Records from a data collection:
=-=-=-=-=

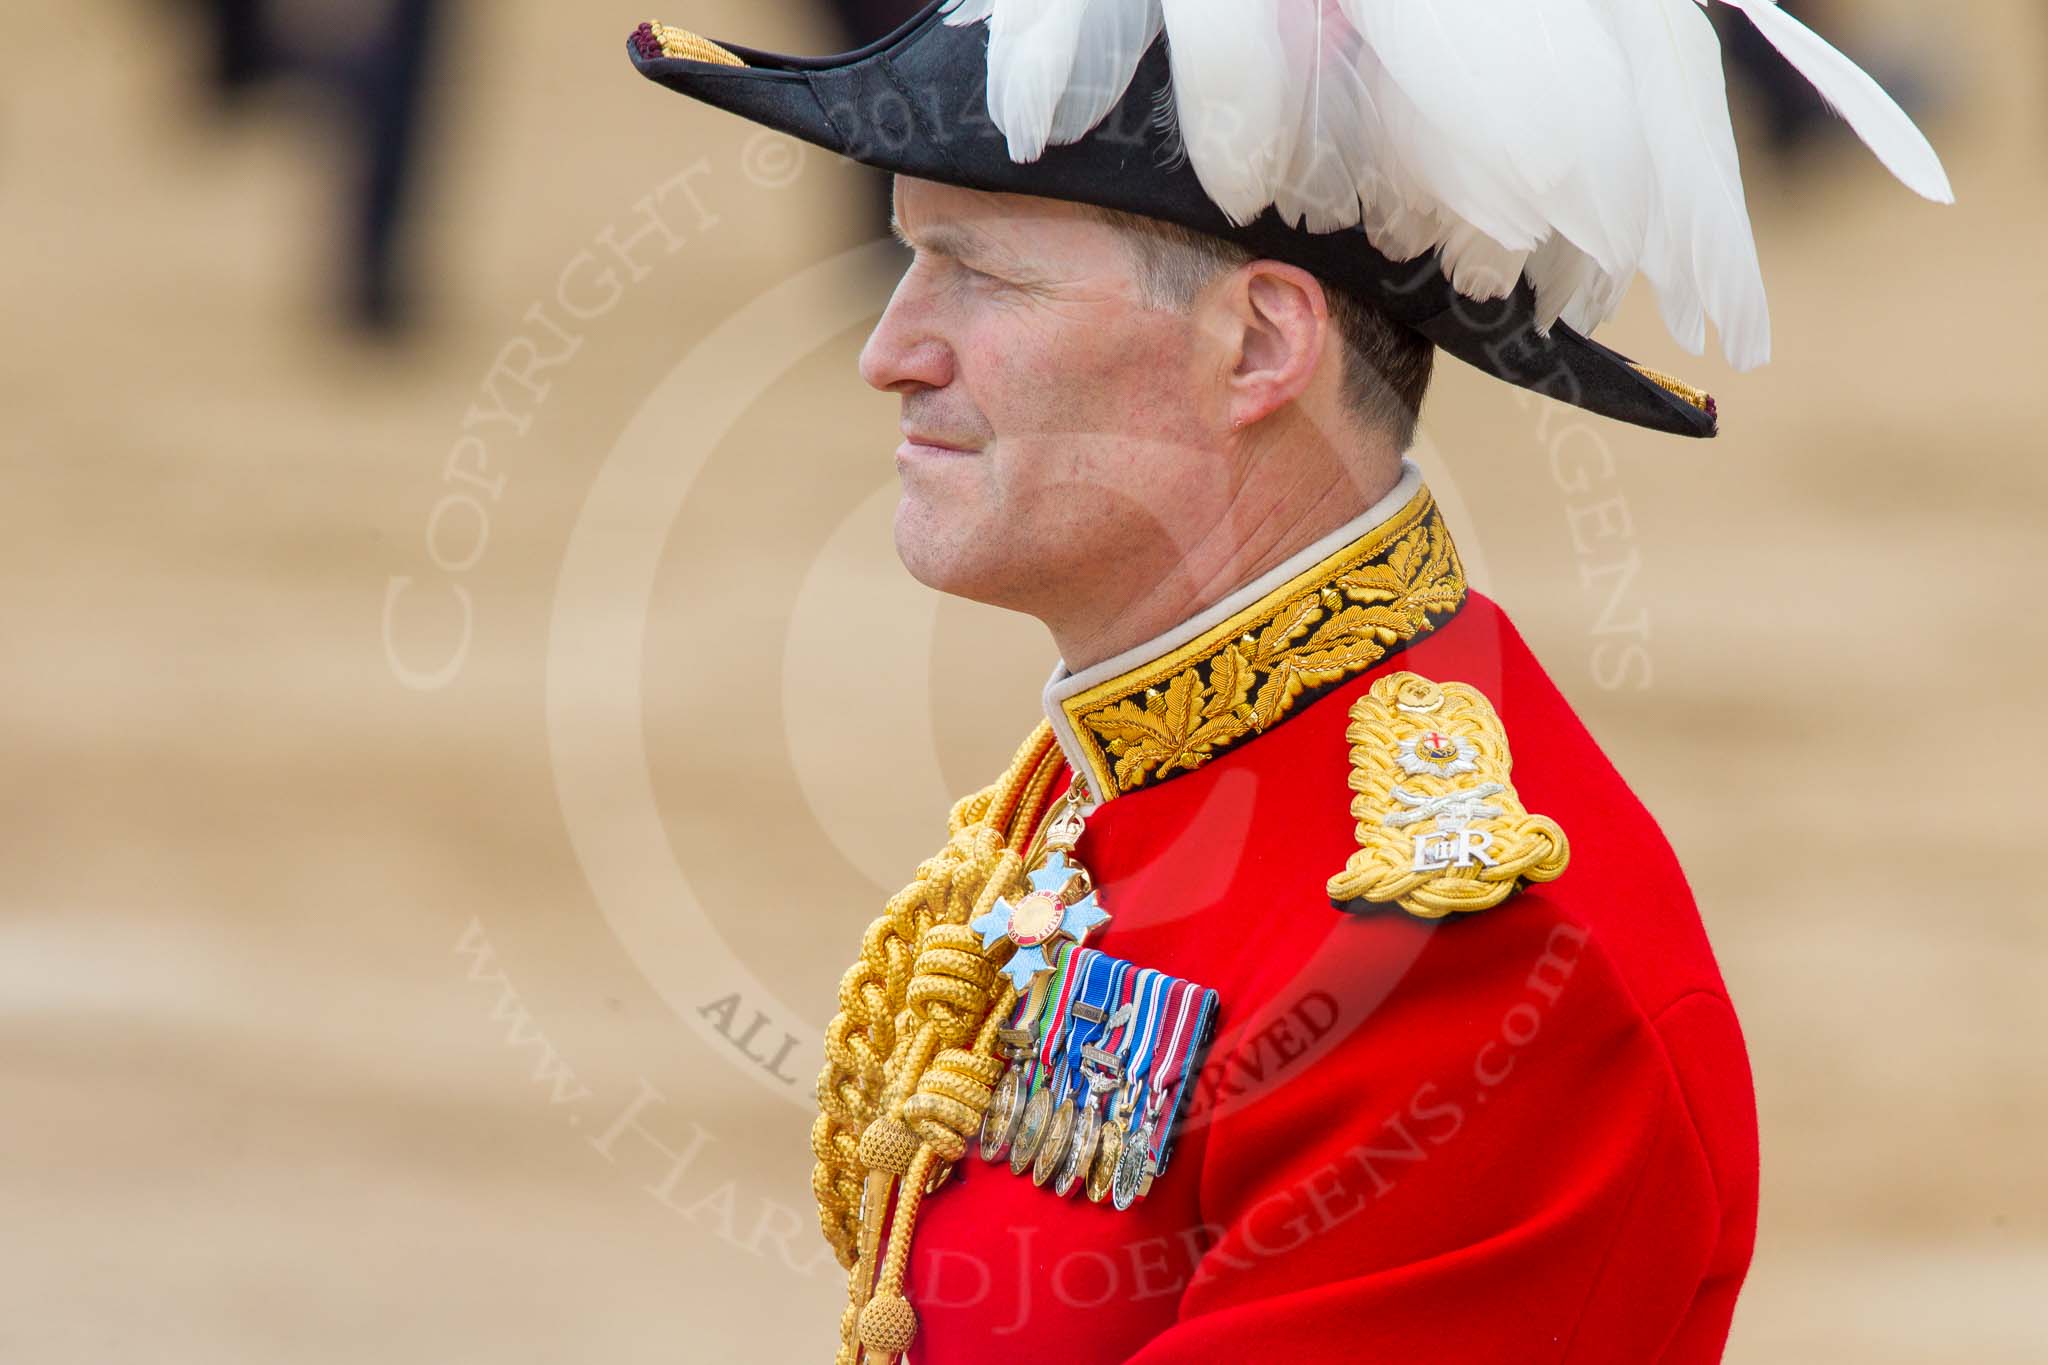 Trooping the Colour 2014.
Horse Guards Parade, Westminster,
London SW1A,

United Kingdom,
on 14 June 2014 at 12:13, image #900

=-=-=-=-=

Assigned task:
What is needed is an exact reproduction of the data, pictures excluded.

Expected answer:
 Trooping the Colour 2014.
Horse Guards Parade, Westminster,
London SW1A,

United Kingdom,
on 14 June 2014 at 12:13, image #900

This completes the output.